4. D'autre part, tout agent public titulaire, victime d'un accident de service ou d'une maladie professionnelle, est en droit d'obtenir de la personne publique qui l'emploie soit, en l'absence de faute de celle-ci, une indemnité complémentaire à la rente viagère d'invalidité ou à l'allocation temporaire d'invalidité à laquelle il peut prétendre, destinée à réparer ses préjudices personnels ainsi que, le cas échéant, ses préjudices patrimoniaux d'une autre nature que ceux indemnisés par cette rente ou cette allocation, soit, dans le cas où l'accident ou la maladie serait imputable à une faute de nature à engager la responsabilité de cette collectivité, la réparation intégrale de l'ensemble de son préjudice.

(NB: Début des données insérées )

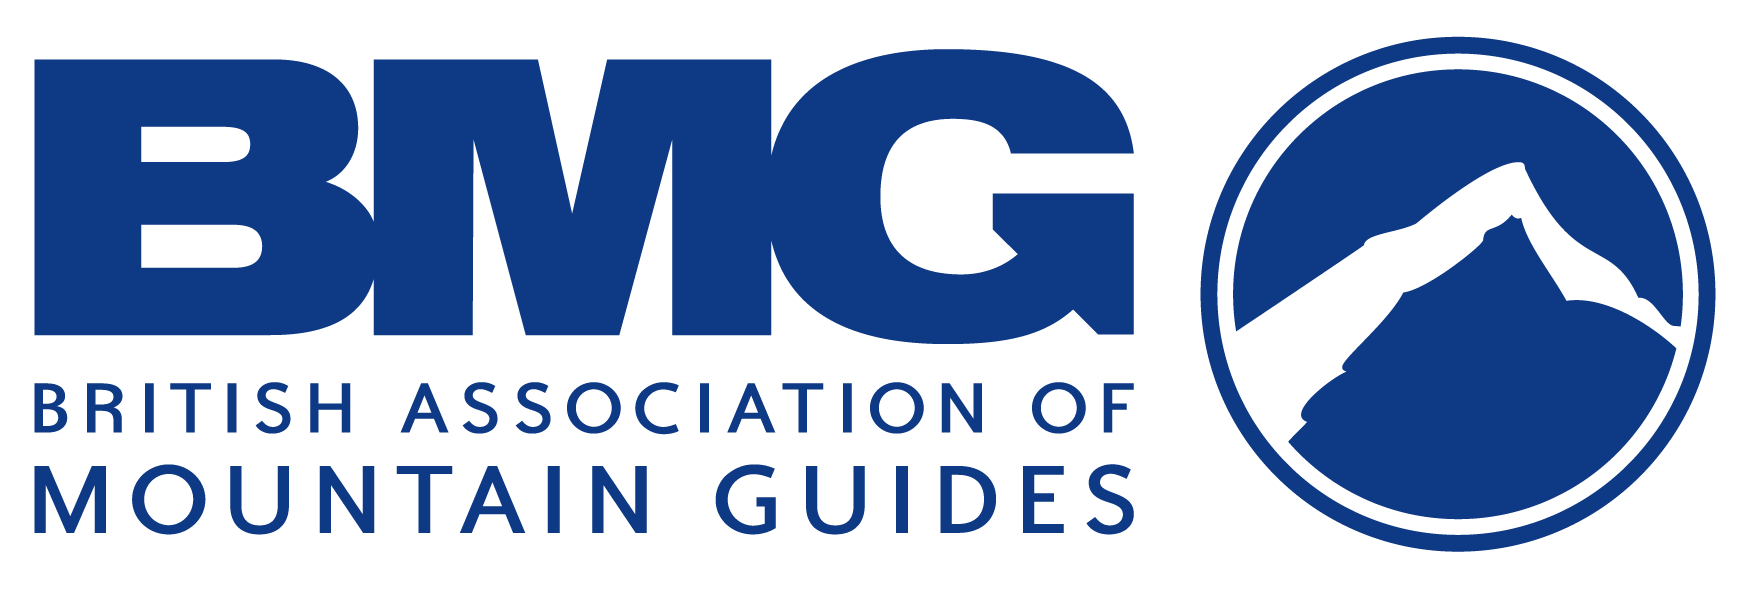 British Association of Mountain Guides

5. Le requérant soutient que la mesure d'expertise qu'il sollicite a pour objet d'évaluer les préjudices consécutifs au syndrome anxiodépressif dont il est victime et qu'il estime imputable au service, afin de lui permettre d'exercer une action en responsabilité à l'encontre de son ancien employeur, dans les conditions définies au point précédent, pour obtenir l'indemnisation notamment de ses préjudices personnels. Toutefois, M. B ne justifie pas que cette pathologie a été reconnue comme imputable au service. En l'absence d'une telle reconnaissance, l'action en responsabilité dont il se prévaut est, à ce jour, dépourvue d'objet. Par suite, le prononcé d'une mesure d'expertise ne peut être regardé comme présentant le caractère d'utilité requis par l'article R. 532-1 du code de justice administrative.

6. Il résulte de ce qui précède que M. B n'est pas fondé à se plaindre de ce que, par l'ordonnance attaquée, le juge des référés du tribunal administratif de Marseille a rejeté sa demande.

O R D O N N E :

Article 1er : La requête de M. B est rejetée.

Article 2 : La présente ordonnance sera notifiée à M. A B.